Le monde est composé de nombres

Gabriella Numérologue

Toutes les lois de l’univers sont basées sur des dogmes mathématiques et chaque particule, même la plus petite, peut être décrite avec leur aide. Il est donc surprenant que dans n’importe quelle société, même la moins développée, il y avait une relation spéciale avec les nombres et les gens ont essayé de corréler avec eux non seulement les affaires courantes du ménage ou les besoins saisonniers, mais aussi leur propre destin, car il a été considéré que dans eux est un code numérique crypté spécial, de décider sur chaque événement dans notre vie misérable. Bien sûr, chaque nombre avait sa propre valeur et certaines propriétés qui lui étaient propres, bien que chez des peuples différents, l’essence et la signification des mêmes nombres pouvaient être différentes, ce qui devenait souvent la cause de différends et d’incohérences différentes.
Y a-t-il un treizième numéro de malchance ?

Dans la civilisation européenne d’aujourd’hui, chaque enfant a entendu dire que le nombre 13 (ou triskaidekaphobie) est considéré comme l’une des phobies les plus répandues et qu’il apporte malheur et peur. Dans certains hôtels, il n’y a même pas un treizième étage : après le douzième, le quatorzième étage commence. Ceci est fait pour que les clients superstitieux ne se sentent pas mal à l’aise.

Ce que l’on entend par le nombre 13 ont été écrits des traités entiers, en particulier beaucoup de délibérations sur ce sujet sont présentées dans les travaux alchimiques médiévaux, ainsi que dans le grimoire magique. En eux, c’est généralement le nombre des ténèbres et de Satan, donnant un pouvoir pratiquement illimité sur les démons.

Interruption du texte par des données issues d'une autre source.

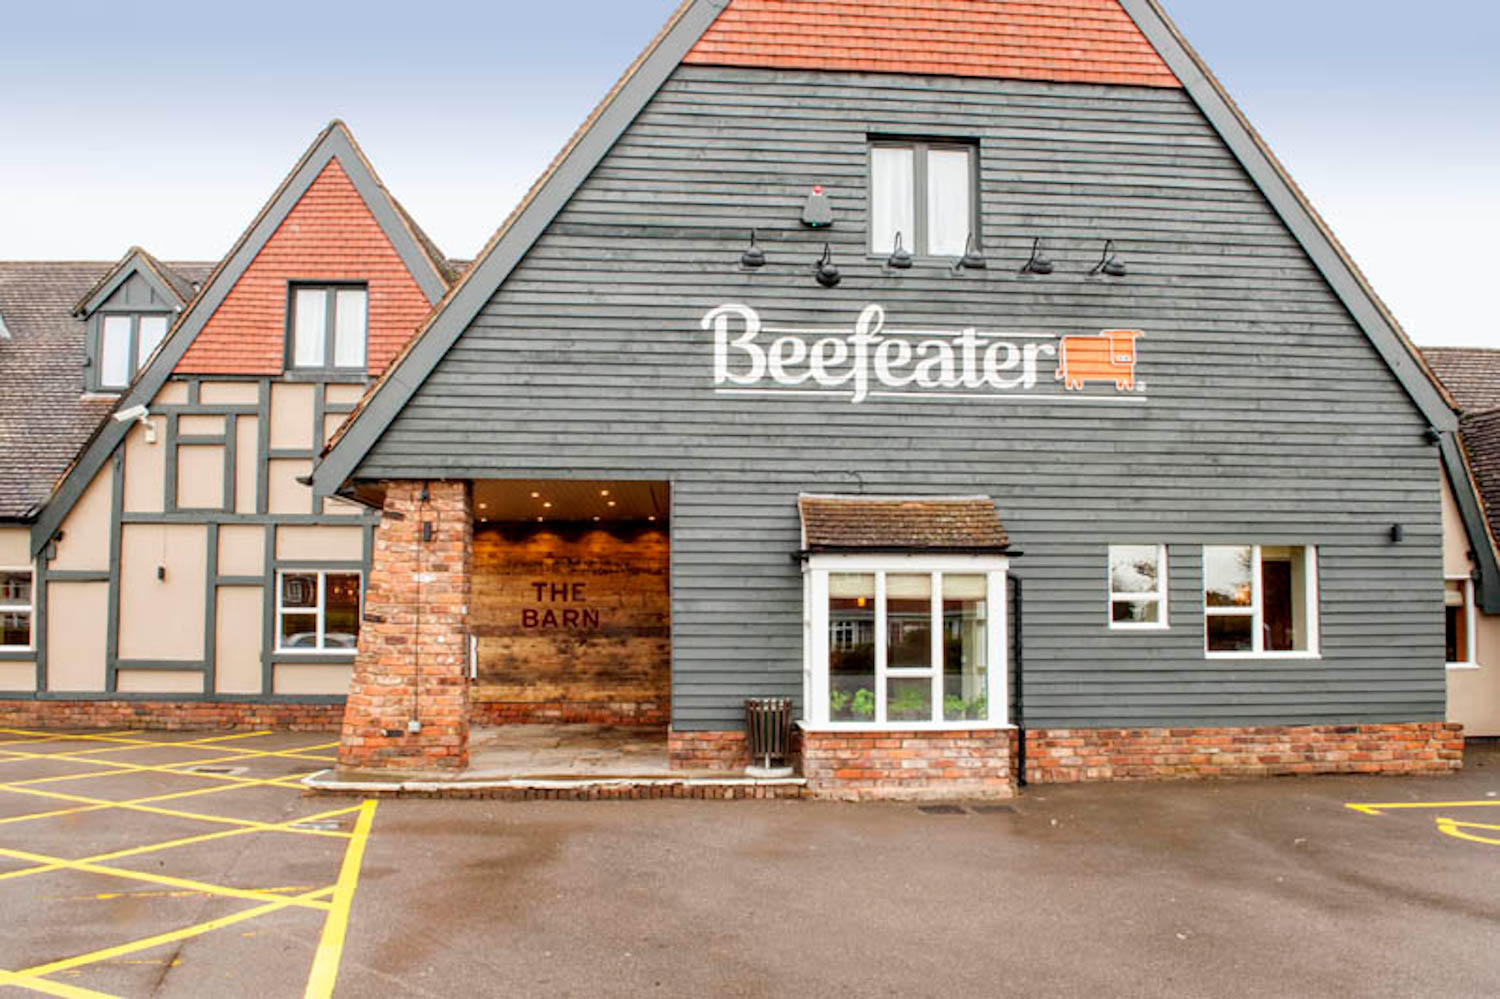 Beefeater restaurant exterior Solihull (Hockley Heath, M42) hotel Solihull 03333 218869

Au contraire, dans les civilisations orientales, en particulier en Chine, treize étaient traitées comme un signe de bonheur et de prospérité, et les personnes nées le 13 du mois étaient toujours considérées avec jalousie, croyant qu’elles étaient les chouchous de la fortune.

Ce que signifie le nombre 13 dans le christianisme et ce à quoi il est associé dans cette grande religion est aussi un fait bien connu. Grâce à Judas, le treizième apôtre, il devint un symbole de mensonge et de trahison, ne portant en lui que le mal. Cependant, dans d’autres religions, la nomination du nombre 13 en particulier dans la religion des anciens Aztèques, ce nombre signifiait la transition vers un nouveau niveau d’existence de l’âme humaine.

Les Aztèques divisèrent le ciel en treize étapes, chacune symbolisant la mort, mais cette mort n’était, à leur avis, que la porte du nouveau monde supérieur, et l’on croyait qu’y accéder était une distinction spéciale, car cela signifiait que les forces de rang supérieur reconnaissaient les mérites de l’homme et lui donnaient un rang supérieur dans l’au-delà.

Mais de toute façon, en tout temps, la magie du nombre 13 a ébranlé les esprits et s’est attirée les uns les autres comme un aimant, malgré sa « sombre réputation » et même à l’ère moderne du progrès technique, étant le porteur d’un grand mystère, ce nombre ne semble laisser la place à personne de la paume de la main, étant dans une ligne avec les numéros les plus mystiques.